たしかに農業関係者や、パンやお菓子のメーカーはたまったものではないでしょう。これまでの理論を否定された医学や栄養学の関係者にとっても、糖質制限は「倒すべき敵」です。そうした反対論者の声を吸い上げて、声高に警鐘を鳴らすメディアもいます。名前はいいませんが、「糖質制限食を食べさせたマウスが、通常食のマウスより早く死んだ」「老化が早く毛並みもボロボロに」という某大学の実験結果をもとに、糖質制限の危険性を書き立てた某誌がありました。
その実験結果自体は、確かにその通りだったのでしょう。しかし、アプローチが間違っています。マウスは本来薬物実験に使う動物であり、食事研究には適しません。マウスと人間は、消化管の構造が大きく違うからです。マウスの食べ物は穀類や種子であり、もともと肉や魚は食べません。そんな動物に糖質制限食を与えれば、タンパク質を消化できず、代謝異常を起こすのは当然です。その結果を人間に当てはめるのは、大いなる見当違いです。
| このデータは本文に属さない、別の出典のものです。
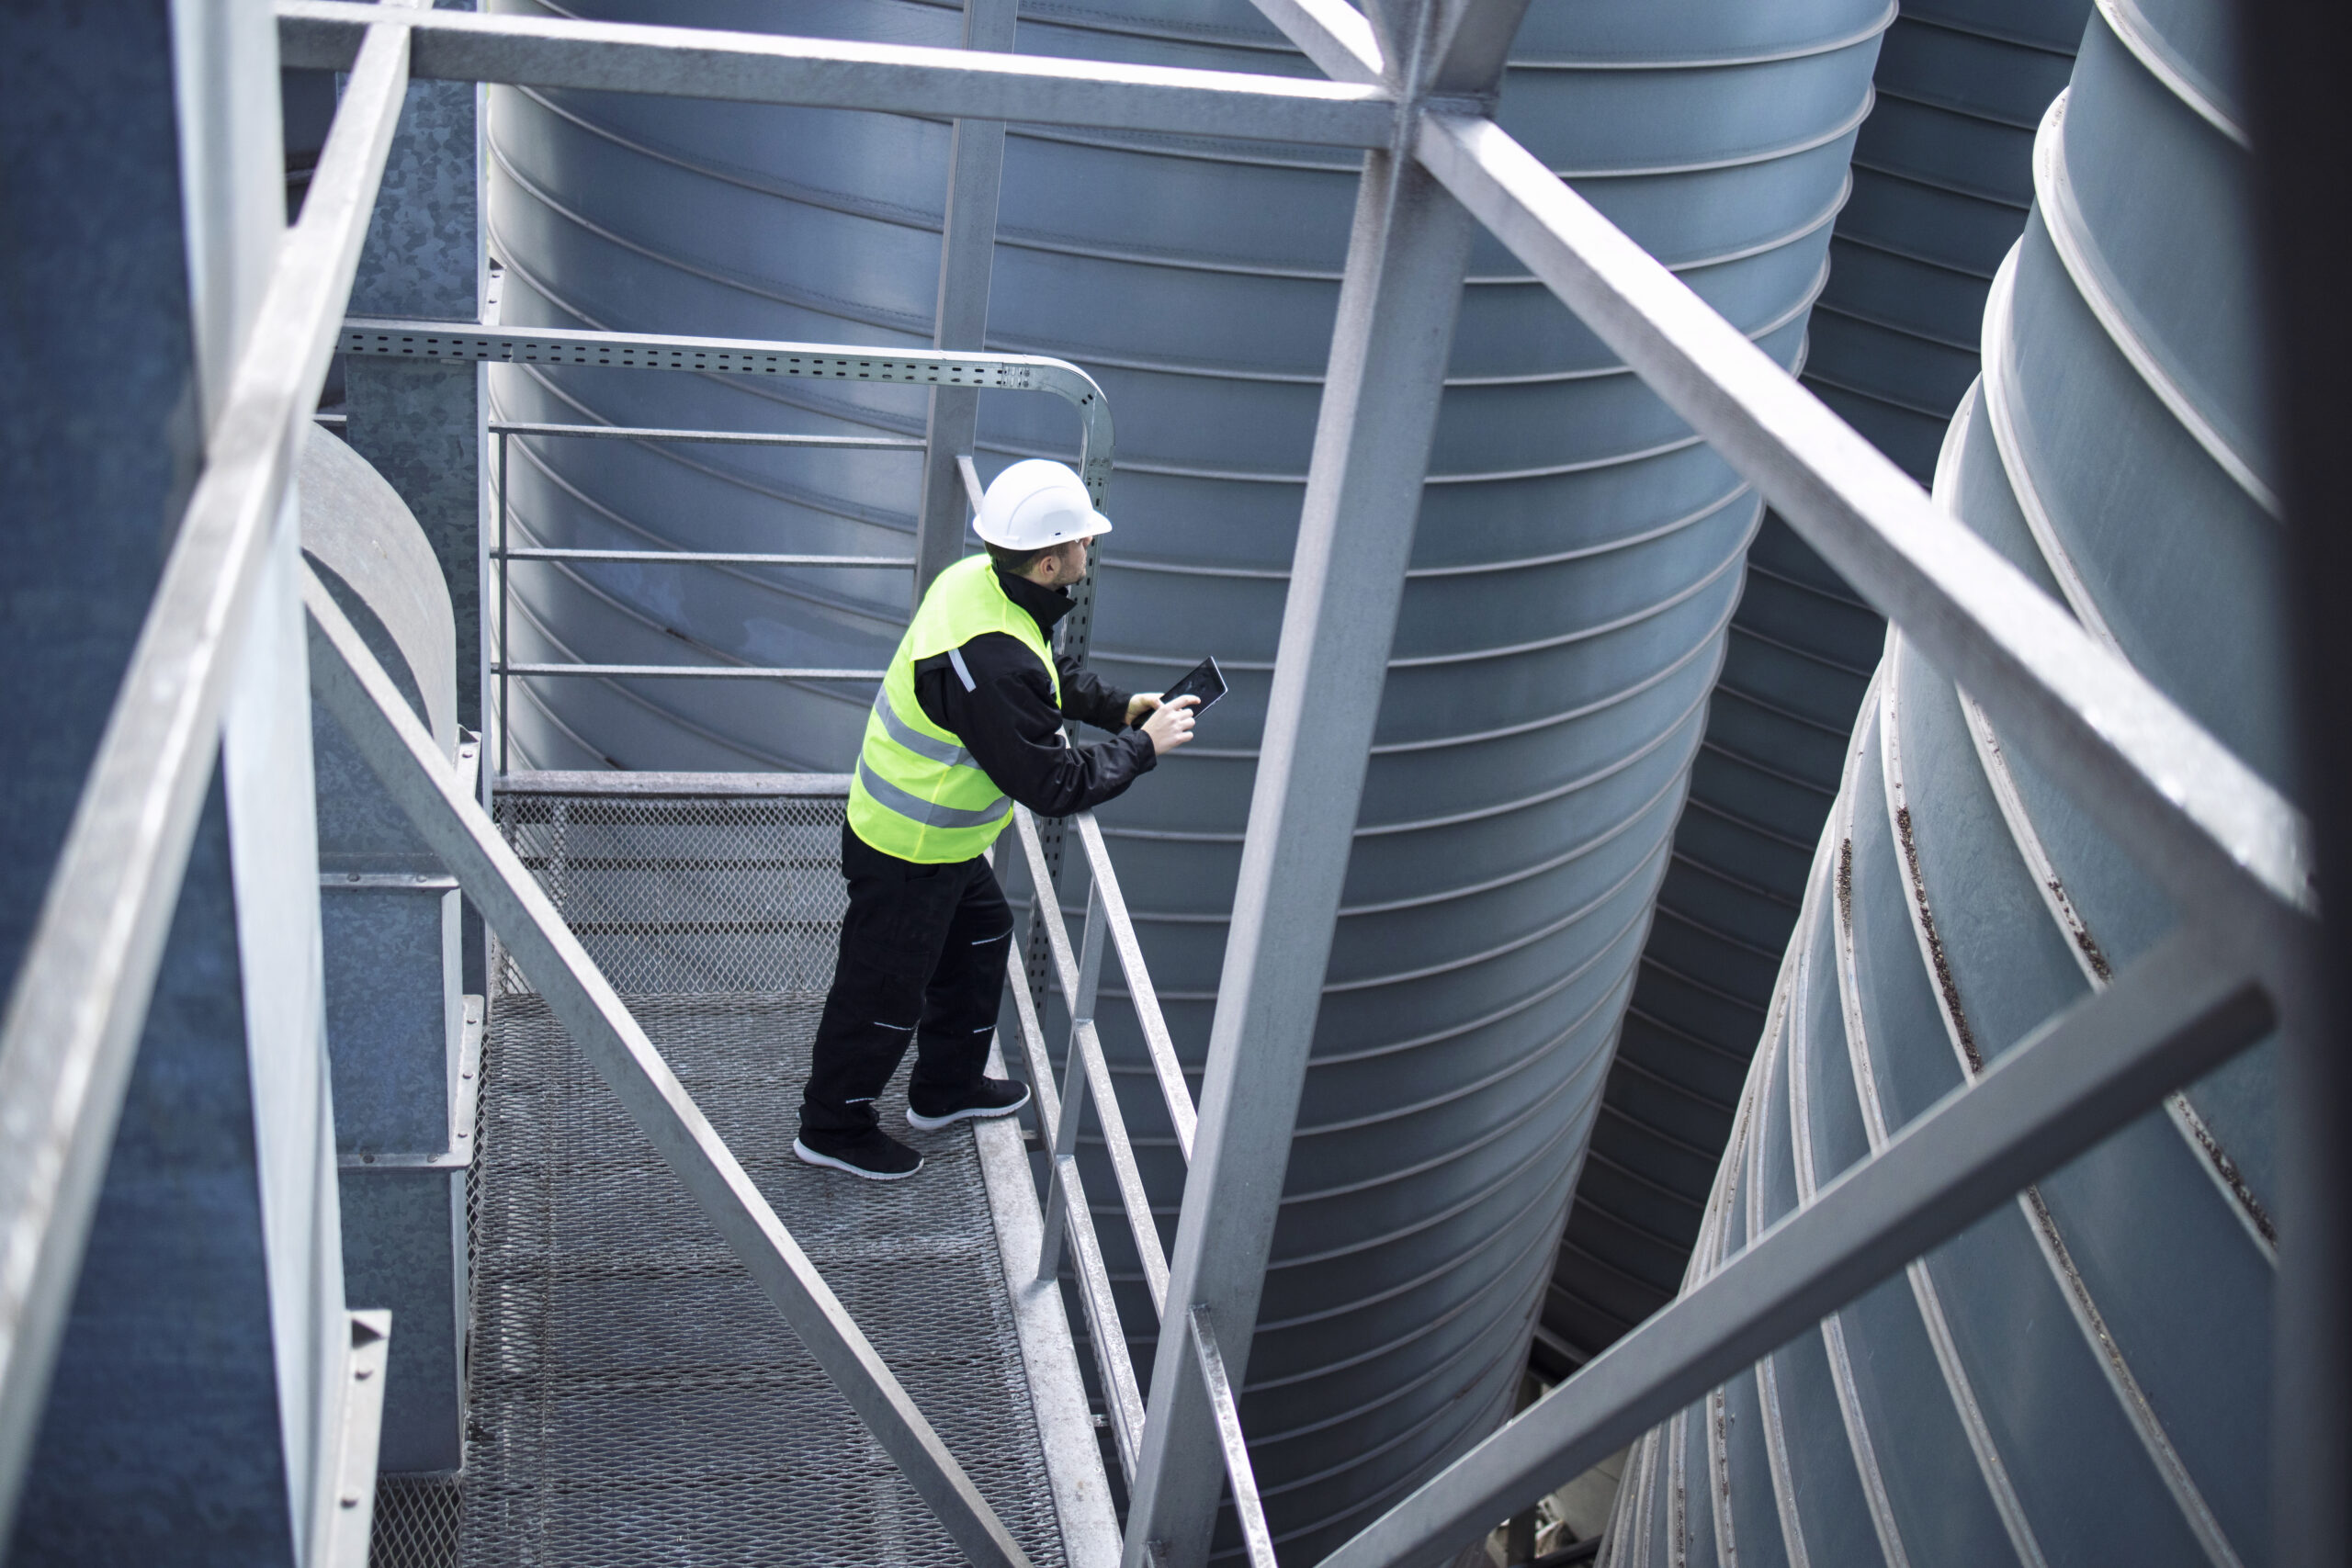 Factory silos worker standing on metal platform between industrial storage tanks and looking at tablet about food production.

医学界は意外にウッカリしたところがあって、間違った研究アプローチによって「変な常識」を流布させてしまうことがままあります。
たとえば「卵はコレステロールが多いから、1日1個以上食べてはダメ」という説を聞いたことがあるでしょう。あれも大ウソで、本当は卵を1日いくつ食べても問題などありません。
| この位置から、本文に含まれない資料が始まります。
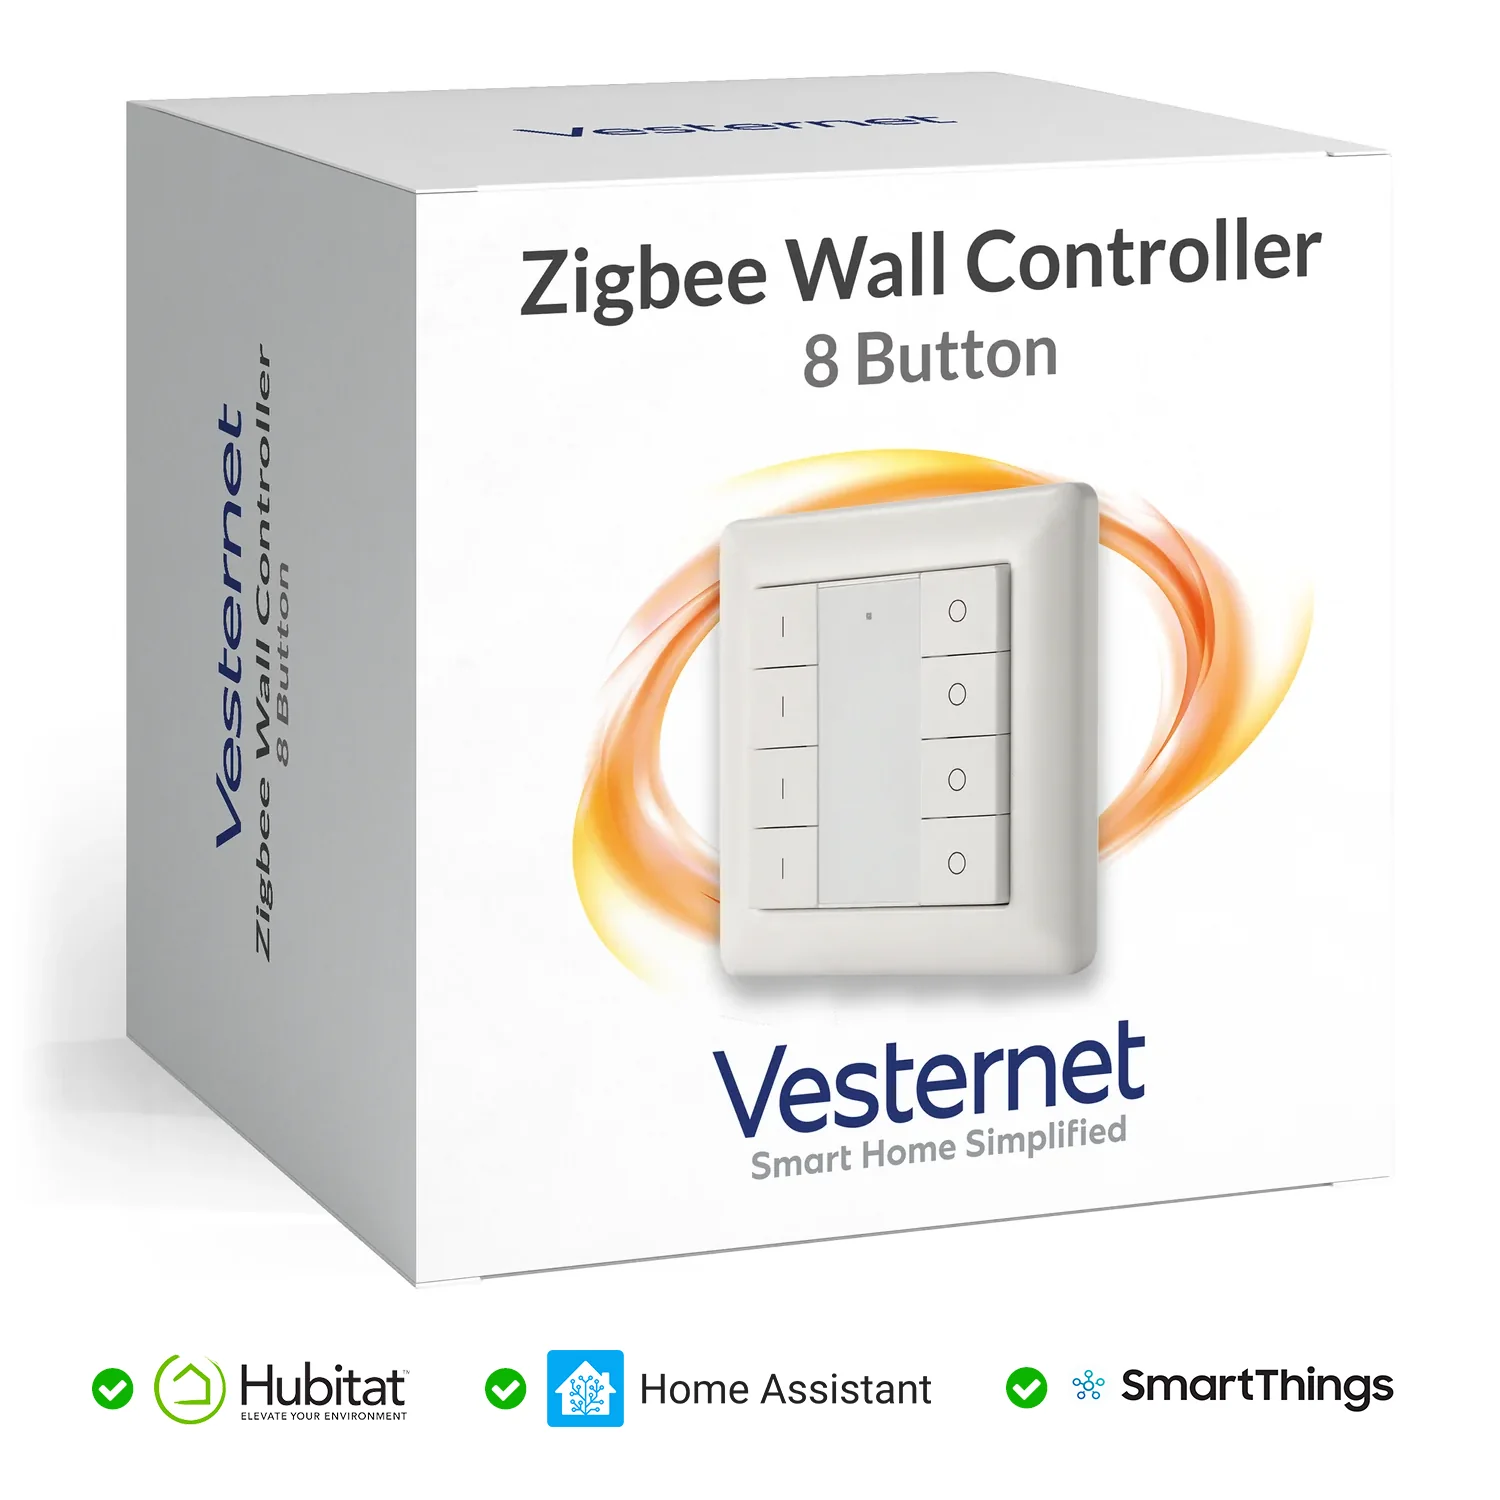 Vesternet Zigbee Wall Controller - 8 Button Questions & Answers

この珍説の元になったのは、1913年にロシアで行われた実験。ウサギにコレステロールの多い餌を食べさせたら動脈硬化を起こした、という研究結果でした。これまた先ほどのマウスと同じく、草食のウサギにコレステロールが合わなかったからです。事実、直後に犬で同じ実験をしたら異変ナシという結果が出ました。肉食の動物ならば問題ナシ、雑食の人間にも危険はない、とわかったわけですが、なぜかその結果は知られることなく、100年も過ぎてしまいました。
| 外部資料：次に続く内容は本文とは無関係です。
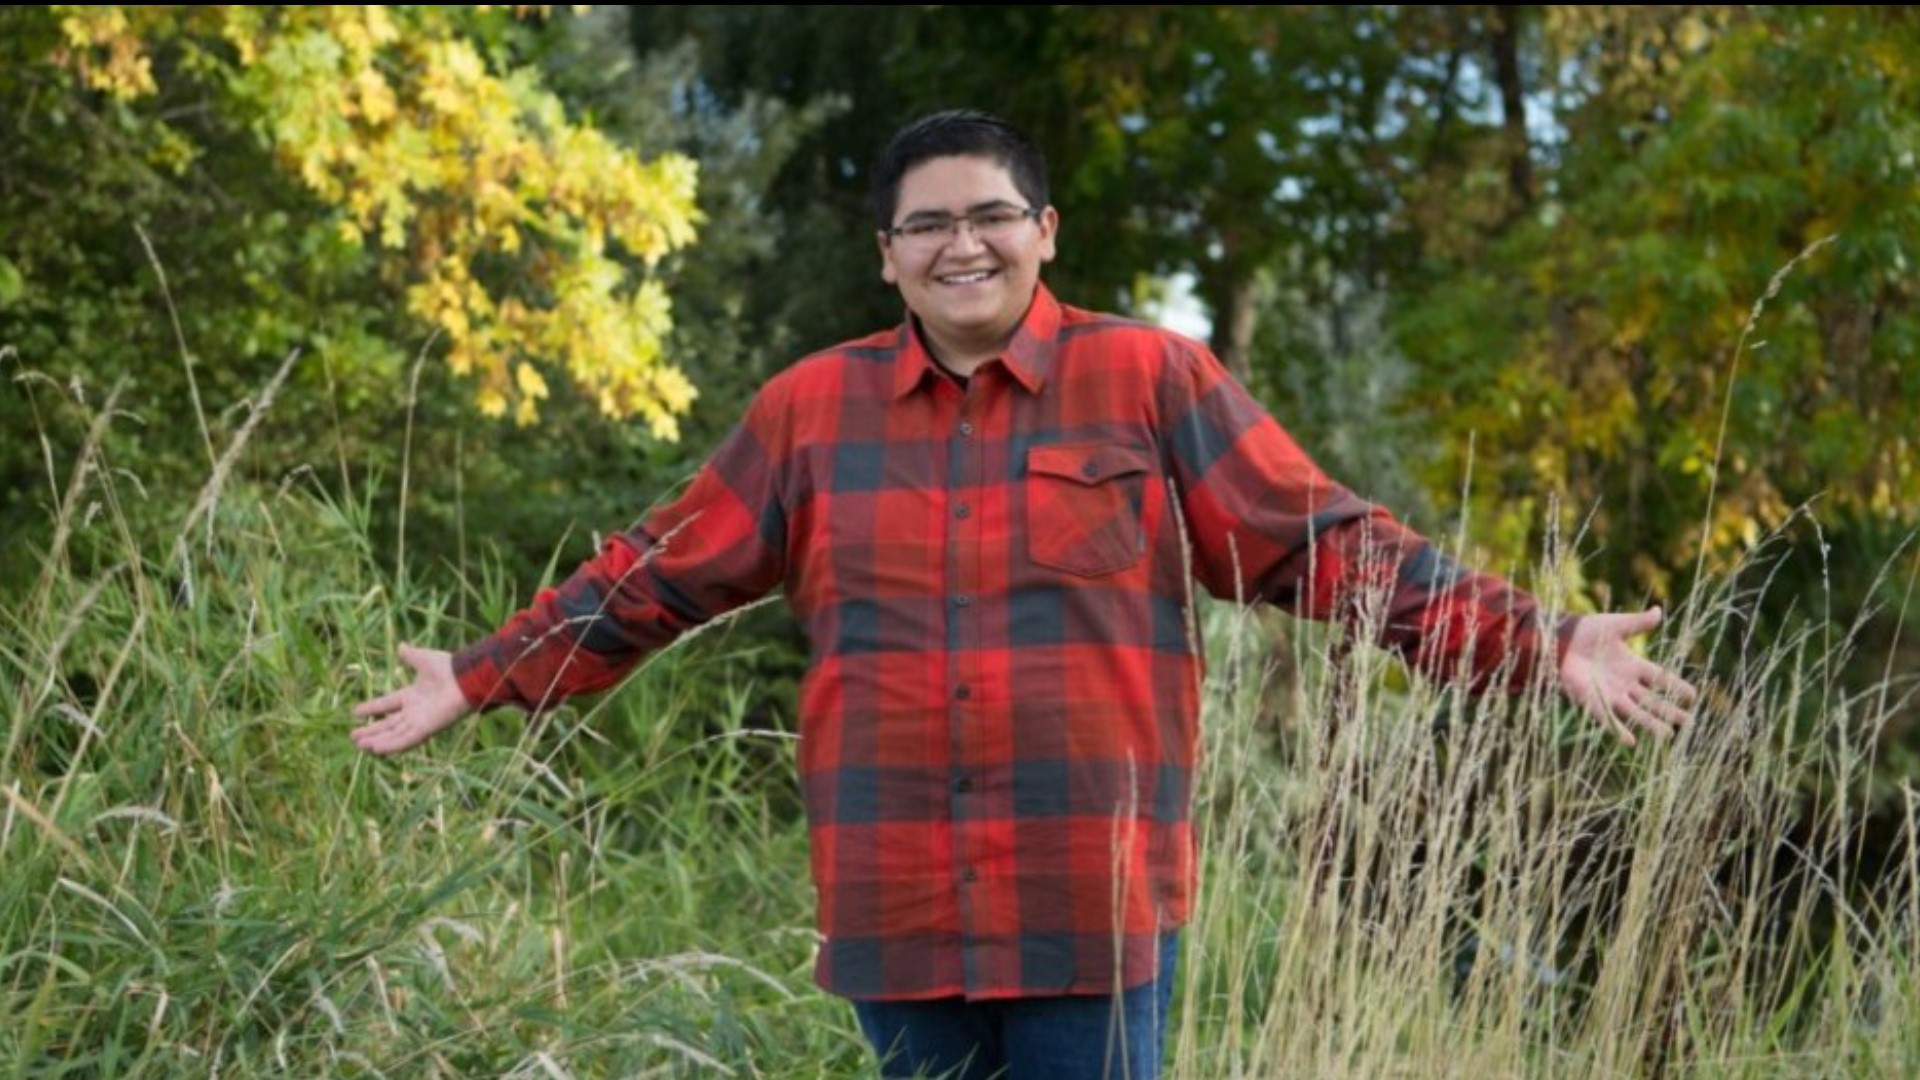 Kendrick Castillo’s parents described their son as a selfless individual who cared deeply about people.

この「なぜか」には色々な理由が入るでしょう。その時々の権力者や、利害関係者の思惑などなど、いわゆる大人の事情もあるでしょう。糖質制限の場合はどうでしょうか。反対論者のバックを調べてみると、そこには「糖質制限が広まると困る人たち」がいるかもしれません。
いたずらに敵対感情をあおる意図はありませんが、私は「自分で調べ、自分で試したこと」を信じる医師です。きちんと試しもせずに、いい加減な実験結果や知識で糖質制限を断じる医師の方には、一度「糖質制限2.0」を試していただきたいと思います。
ちなみに私には、そうした利害関係はありません。どこともつながらない、まったくの個人として「糖質制限は安全である」といい切れます。みなさんにも、いろいろ試したうえでご判断されることをおすすめします。
もっとも、誤った知識や情報をもとに糖質制限に取り組めば、本当に巷でいわれるような「(間違った)糖質制限による良くない作用」が出ますので、本書では注意点もしっかりと書いていきます。